An 18-year-old girl reportedly gang-raped by three teenagers nearly

two years ago admitted to the defense during cross-examination on

Tuesday that she lied to her parents many times because she could get

away with it and to the police because she was scared.

The girl was 16 when Greg Haidl, son of Orange County Assistant

Sheriff Don Haidl, Kyle Nachreiner and Keith Spann allegedly drugged

her, raped her in the Haidls’ Corona del Mar home and assaulted her

with various objects.

The girl has been on the stand since May 18. Haidl’s attorney,

Joseph Cavallo, completed his two-day cross-examination on Tuesday

making way for Nachreiner’s attorney, John Barnett, who asked why she

wasn’t truthful to her parents and the detectives who questioned her

days after the incident.

Barnett asked if she told her parents where she was the night of

July 5 right after her alibi failed and they had caught her

red-handed at a friend’s house.

“I didn’t tell them everything because I didn’t feel like they

needed to know right then,” she said.

The defense attorney went on to question the girl about her

“image” among her friends and parents. The girl said she had been

made an outcast by her friends after the incident.

She said she had sex with Greg Haidl despite knowing he was her

friend’s boyfriend and that it was wrong.

“I knew having sex with him was wrong, but I wanted to,” she said.

She said her parents trusted her so much that it was easy for her

to get away with all the lies.

“It was easy to lie because I never got caught,” the girl said

calmly.

Barnett also asked why she lied to detectives on July 9, 2002,

about her drinking.

The girl told police then that she was not drunk but “tipsy” on

the night of July 4 when she reportedly had sex with both Haidl and

Spann. Defense attorneys say she also had sex with Nachreiner that

night, in the swimming pool only 10 minutes after she met him for the

first time.

The girl told Barnett she had flirted with Nachreiner, joked with

him and teased him, but never had sex with him.

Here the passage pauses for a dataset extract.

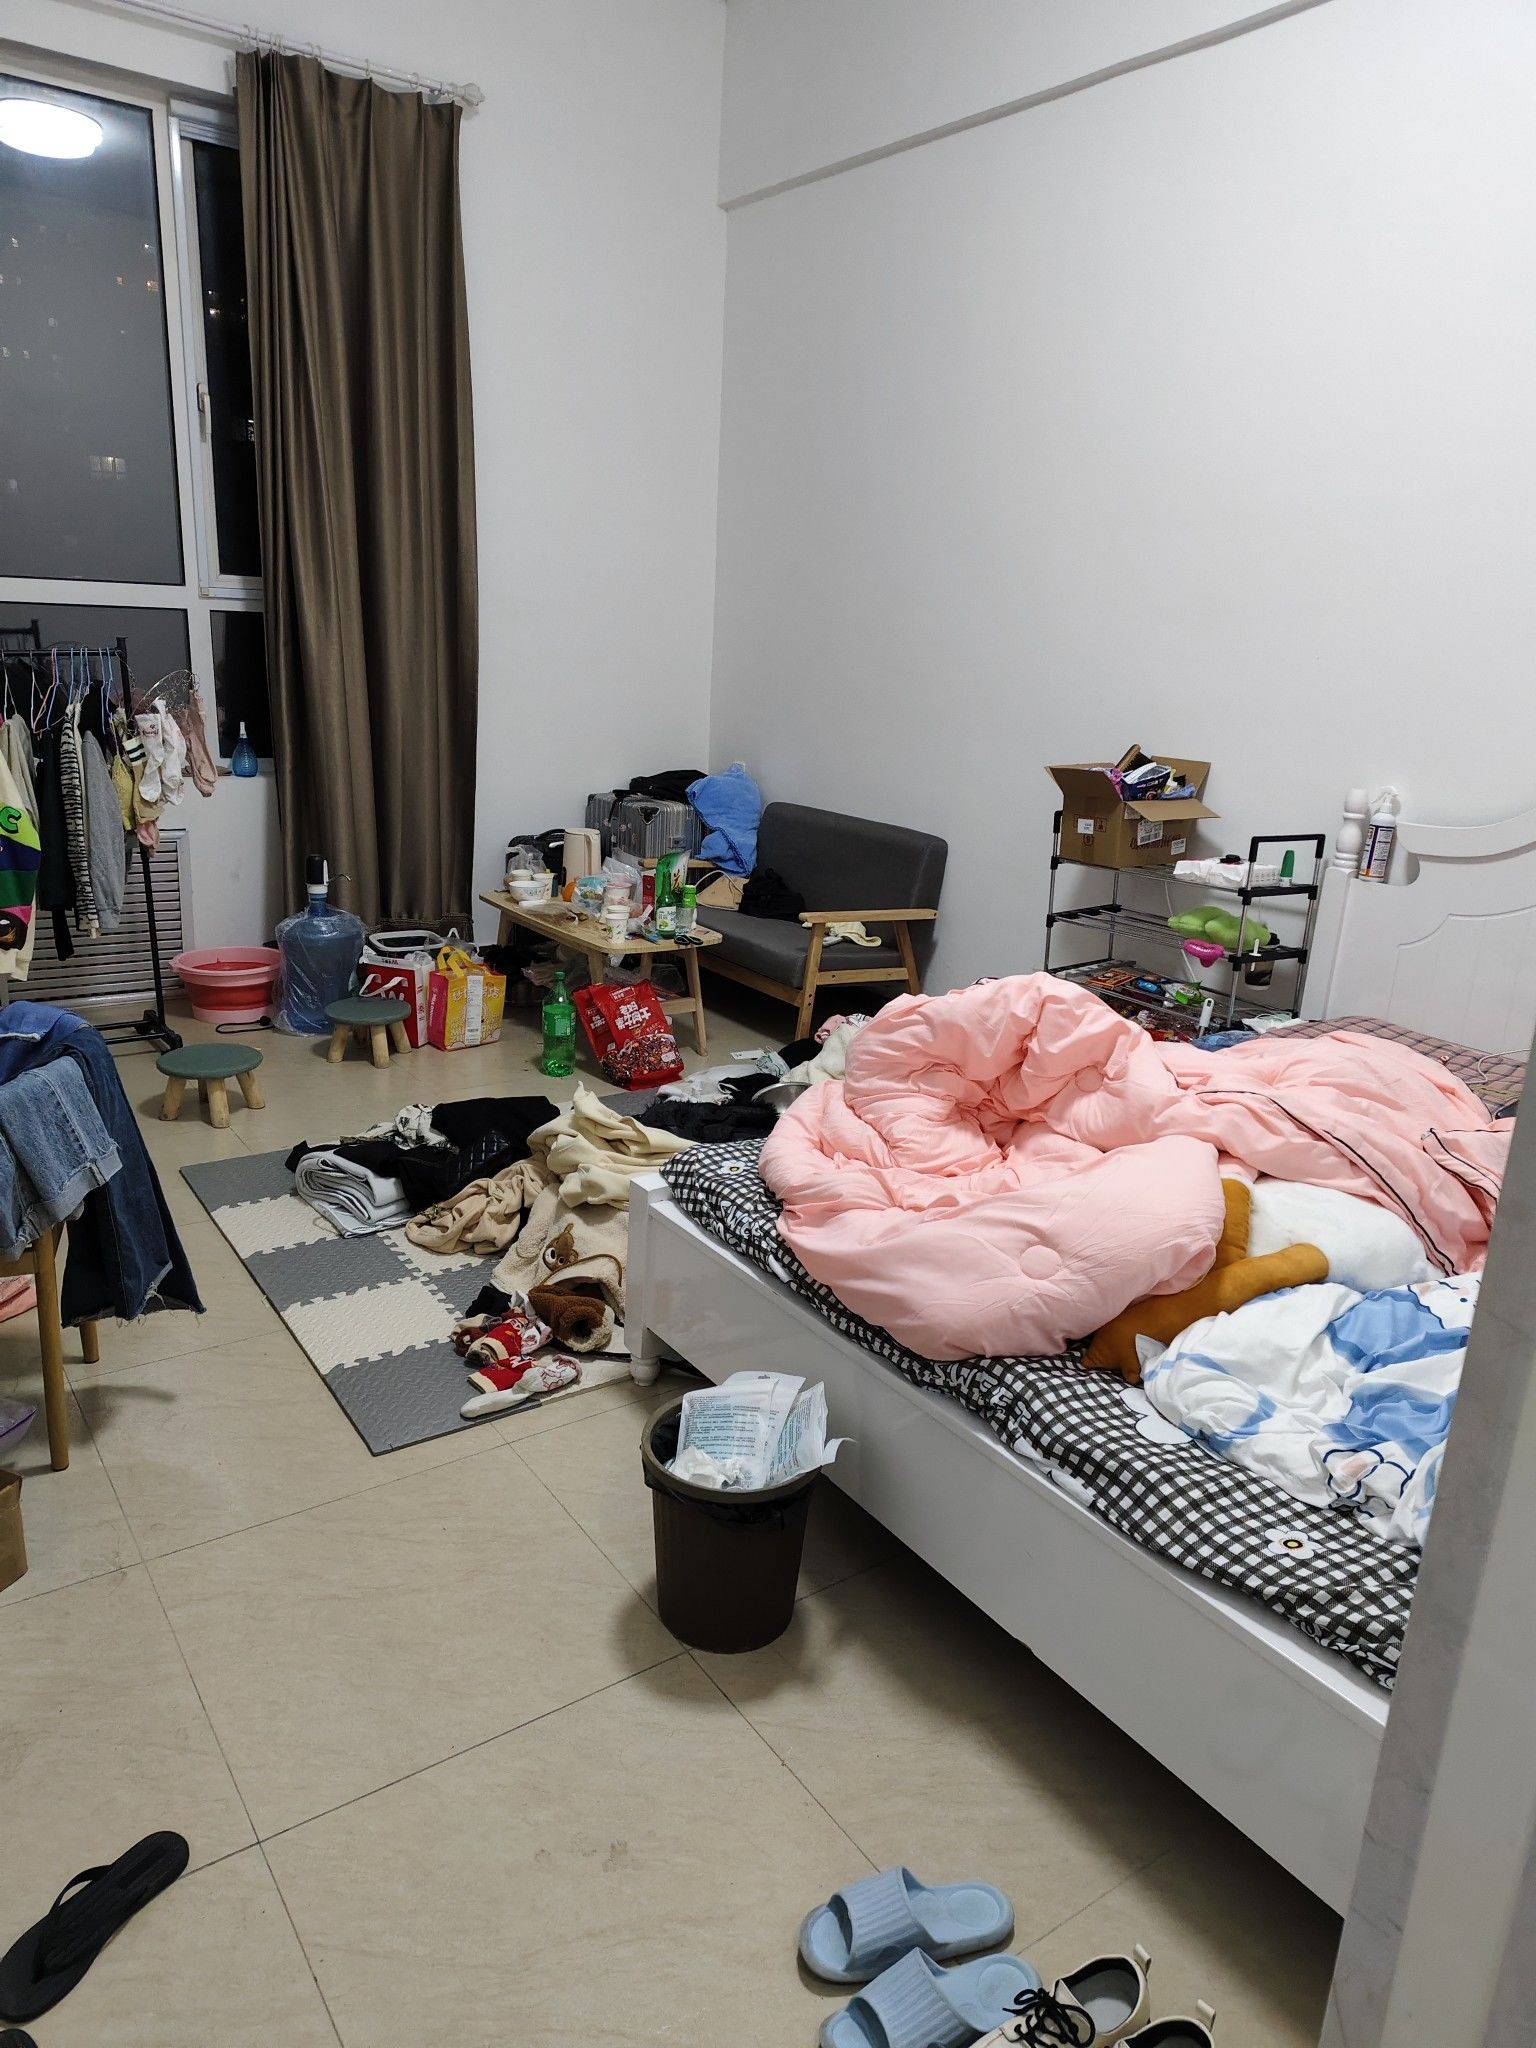 Beijing-Tongzhou-Cozy Home,Clean&Comfy,No Gender Limit,Hustle & Bustle,Chilled,Pet Friendly

Barnett asked if she was still joking when sitting naked on

Nachreiner’s lap as the teenager was visibly excited.

“Yes,” she replied.

The girl testified during the trial that she was drunk that night

and had taken 10 swigs of Bacardi and had some tequila. But the

Bacardi was only part of the reason she acted “inappropriately” with

Nachreiner, she said.

“What was the other part?” Barnett asked.

“Because I was being stupid,” she said.

The girl said she lied to the police about her drinking on July 4

and barely mentioned her encounter with Nachreiner in the pool

because she wanted to “downplay July 4.”

“I didn’t know how it would play into what happened on the 5th,”

she said.

The girl said her lie didn’t bother her during the interview with

detectives, but she was upset with herself afterward.

Barnett asked why she told police she didn’t remember what

happened July 5, the night of the alleged rape. He asked if she had

watched television programs about date rape or if she knew that women

who were given a date-rape drug sometimes didn’t remember the

horrible things that had happened to them while under the influence

of the drug.

“I told [police] I had a lack of memory because that was the

truth,” the girl told Barnett.

The girl also maintained she had no knowledge that Spann was

videotaping the two of them having sex on June 30, 2002.

Barnett asked if she saw the video two days later and remarked to

her friends: “Look, I’m a porn star.”

“No,” the girl replied.

She said she told Haidl to erase the tape and he told her he

would. She said Spann did as he was told when she asked him to stop

recording.

“And I thought he would change,” she said. “I really liked him.”

Defense attorneys completed their cross-examination of the girl

late Tuesday afternoon.

The prosecution is expected to rest its case today. The judge is

also scheduled to hear the defense’s motion for mistrial.

One of Haidl’s attorneys, Pete Scalisi, said it is not the

defense’s burden to prove whether the girl was unconscious during the

incident.

“That’s the prosecution’s burden,” he said. “The government must

prove that she was intoxicated to the extent where she was unable to

give consent. The real issue in this case is whether the boys had

reason to believe there was consent.”

The girl, wearing a powder-blue suit, was calm for the most part

Tuesday but snapped at Cavallo when he asked if she was on the stand

testifying to make her father happy.

“I’m here because these three boys need to go to jail,” she said.